The gun-boat tows the Haliotis to an island harbour. During this time, the ship's engineer Wardrop makes the after engine appear to be irreparably damaged. The Governor of the island consigns the crew to an army taking part in a local war in the interior, where they remain for several months. The Governor tries unsuccessfully to sell the boat, and he removes domestically useful items. The incident of a ship flying a British flag being fired on, becomes a diplomatic affair, and the island Governor is told by his superiors to retrieve the crew. While they are waiting to be sent to the nearest English port, he confines them to the Haliotis.

For more than two weeks, the crew, with ingenuity and hard work, reconstruct the engines, directed by Wardrop. (As with previous episodes involving the ship's engines, this is described with much technical detail.) Eventually they start the engines: they are not working well, and Wardrop says, "She moves, but — but she's breakin' my heart. The sooner we're at Pygang-Watai, the better. She's mad, and we're waking the town." The boat manages to sail slowly to a harbour of a nearby island, which is frequented by gun-boats. Here they sink the vessel, so that a gun-boat later runs into it.

==Commentary==
The story may have been suggested by an actual situation.

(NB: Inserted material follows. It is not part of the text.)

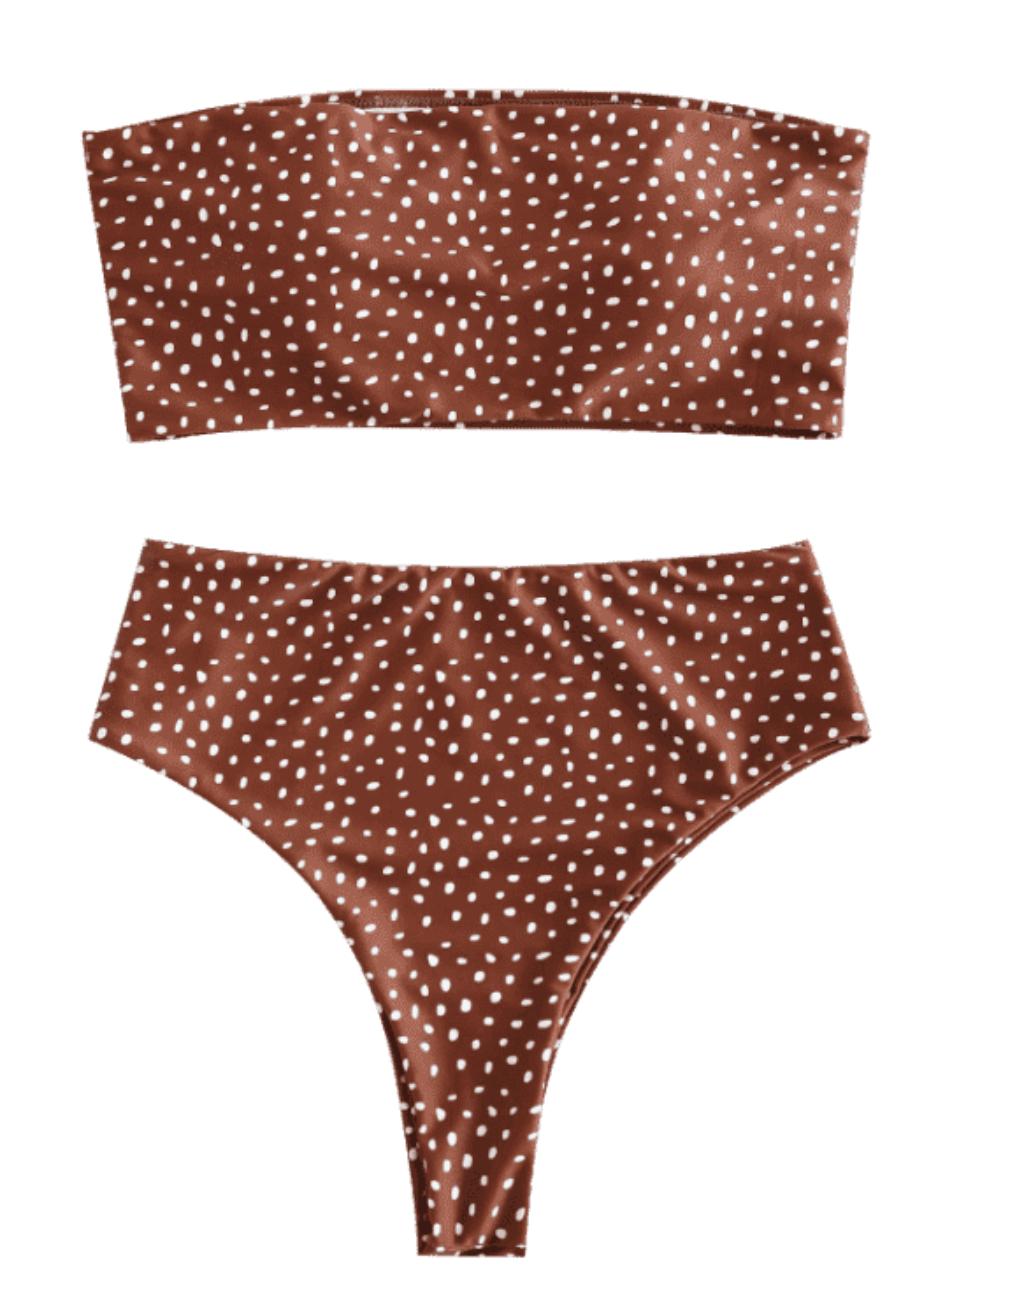 Spotted High Waisted Strapless Bikini - Light Brown | Honeymoon Bikinis | Miranda Schroeder Blog

In the Mariner's Mirror, vol 96 no. 1, February 2010, is an article by Steve Mullins, Associate Professor of History at Central Queensland University, about Australian pearl shelling in the schooner era from the 1880s to 1914. There were diplomatic incidents between Australian pearl-shellers (fishers of mother of pearl) and the authorities of the Dutch East Indies; details such as the use of gun-boats, and a local war on an island, correspond to elements in Kipling's story.